[Extracted records]
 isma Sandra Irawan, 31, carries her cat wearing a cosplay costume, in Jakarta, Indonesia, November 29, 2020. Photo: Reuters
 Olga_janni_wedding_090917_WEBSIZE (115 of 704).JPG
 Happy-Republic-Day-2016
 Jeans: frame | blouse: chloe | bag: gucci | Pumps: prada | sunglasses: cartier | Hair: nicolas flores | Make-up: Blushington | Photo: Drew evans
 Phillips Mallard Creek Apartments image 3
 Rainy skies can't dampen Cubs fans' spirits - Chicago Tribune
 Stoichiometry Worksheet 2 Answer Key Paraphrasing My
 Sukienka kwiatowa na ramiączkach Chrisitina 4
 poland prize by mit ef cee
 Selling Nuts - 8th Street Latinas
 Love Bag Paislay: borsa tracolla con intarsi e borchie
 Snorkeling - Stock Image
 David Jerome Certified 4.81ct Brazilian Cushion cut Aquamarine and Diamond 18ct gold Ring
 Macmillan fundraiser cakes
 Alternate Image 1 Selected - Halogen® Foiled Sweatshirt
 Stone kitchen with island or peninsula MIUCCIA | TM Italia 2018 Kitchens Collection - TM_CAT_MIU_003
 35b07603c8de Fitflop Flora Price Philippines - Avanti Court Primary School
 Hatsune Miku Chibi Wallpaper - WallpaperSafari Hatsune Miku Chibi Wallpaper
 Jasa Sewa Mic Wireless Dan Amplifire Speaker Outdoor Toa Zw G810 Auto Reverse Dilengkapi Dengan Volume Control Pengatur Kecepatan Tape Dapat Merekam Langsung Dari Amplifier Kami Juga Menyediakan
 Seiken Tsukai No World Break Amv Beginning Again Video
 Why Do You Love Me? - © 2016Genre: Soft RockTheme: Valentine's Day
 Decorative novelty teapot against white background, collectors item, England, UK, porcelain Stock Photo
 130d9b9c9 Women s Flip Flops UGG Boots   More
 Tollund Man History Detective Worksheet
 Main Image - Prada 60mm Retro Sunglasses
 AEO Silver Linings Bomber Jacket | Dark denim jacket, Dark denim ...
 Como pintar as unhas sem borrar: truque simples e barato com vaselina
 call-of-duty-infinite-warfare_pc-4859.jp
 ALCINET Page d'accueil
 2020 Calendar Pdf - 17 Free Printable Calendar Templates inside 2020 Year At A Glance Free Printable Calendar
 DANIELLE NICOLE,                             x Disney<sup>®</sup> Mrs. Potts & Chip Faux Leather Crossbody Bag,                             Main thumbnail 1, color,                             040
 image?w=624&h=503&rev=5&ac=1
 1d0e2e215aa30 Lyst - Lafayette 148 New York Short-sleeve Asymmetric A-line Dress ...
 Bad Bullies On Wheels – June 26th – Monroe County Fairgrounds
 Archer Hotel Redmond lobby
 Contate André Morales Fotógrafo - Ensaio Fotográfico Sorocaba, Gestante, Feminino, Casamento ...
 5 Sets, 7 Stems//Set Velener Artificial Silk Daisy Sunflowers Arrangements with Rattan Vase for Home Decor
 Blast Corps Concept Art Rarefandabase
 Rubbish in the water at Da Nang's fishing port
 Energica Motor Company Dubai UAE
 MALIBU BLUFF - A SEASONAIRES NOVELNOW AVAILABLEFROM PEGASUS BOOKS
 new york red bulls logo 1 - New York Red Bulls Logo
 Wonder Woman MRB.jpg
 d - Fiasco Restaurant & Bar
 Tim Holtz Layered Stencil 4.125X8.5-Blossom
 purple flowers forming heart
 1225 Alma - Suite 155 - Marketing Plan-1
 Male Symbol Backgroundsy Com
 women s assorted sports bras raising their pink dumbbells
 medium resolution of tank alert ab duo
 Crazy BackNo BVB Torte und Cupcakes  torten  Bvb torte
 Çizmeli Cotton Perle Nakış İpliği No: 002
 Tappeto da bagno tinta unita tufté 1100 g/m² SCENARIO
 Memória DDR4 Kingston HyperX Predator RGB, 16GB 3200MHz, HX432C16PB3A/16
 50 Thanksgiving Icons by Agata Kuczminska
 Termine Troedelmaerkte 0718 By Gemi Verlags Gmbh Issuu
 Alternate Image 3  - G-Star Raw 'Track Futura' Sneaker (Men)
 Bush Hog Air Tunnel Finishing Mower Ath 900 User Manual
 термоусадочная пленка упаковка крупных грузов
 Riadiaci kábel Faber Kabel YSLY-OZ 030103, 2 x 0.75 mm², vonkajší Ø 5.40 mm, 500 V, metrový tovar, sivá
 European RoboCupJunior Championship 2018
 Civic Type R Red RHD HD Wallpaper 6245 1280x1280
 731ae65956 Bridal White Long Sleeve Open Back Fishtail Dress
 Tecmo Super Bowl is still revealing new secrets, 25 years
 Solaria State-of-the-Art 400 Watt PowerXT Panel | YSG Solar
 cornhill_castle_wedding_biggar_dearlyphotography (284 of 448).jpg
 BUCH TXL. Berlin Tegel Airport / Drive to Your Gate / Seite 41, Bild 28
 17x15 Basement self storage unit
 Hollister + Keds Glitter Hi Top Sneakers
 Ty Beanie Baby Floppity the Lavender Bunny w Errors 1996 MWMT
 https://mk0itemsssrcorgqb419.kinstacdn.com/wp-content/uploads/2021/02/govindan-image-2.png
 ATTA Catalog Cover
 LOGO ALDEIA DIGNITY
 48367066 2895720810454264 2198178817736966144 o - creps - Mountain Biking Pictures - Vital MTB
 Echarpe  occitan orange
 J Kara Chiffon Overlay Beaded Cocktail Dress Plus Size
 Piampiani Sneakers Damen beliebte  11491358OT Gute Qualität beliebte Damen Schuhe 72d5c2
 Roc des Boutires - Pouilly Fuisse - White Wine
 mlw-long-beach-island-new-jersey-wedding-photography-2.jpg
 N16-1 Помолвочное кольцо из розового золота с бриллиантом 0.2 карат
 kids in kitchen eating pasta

● **Task objective**: Each line holding the word "Stock" must be copied from the data.

● **Result for this task**:
 Snorkeling - Stock Image
 Decorative novelty teapot against white background, collectors item, England, UK, porcelain Stock Photo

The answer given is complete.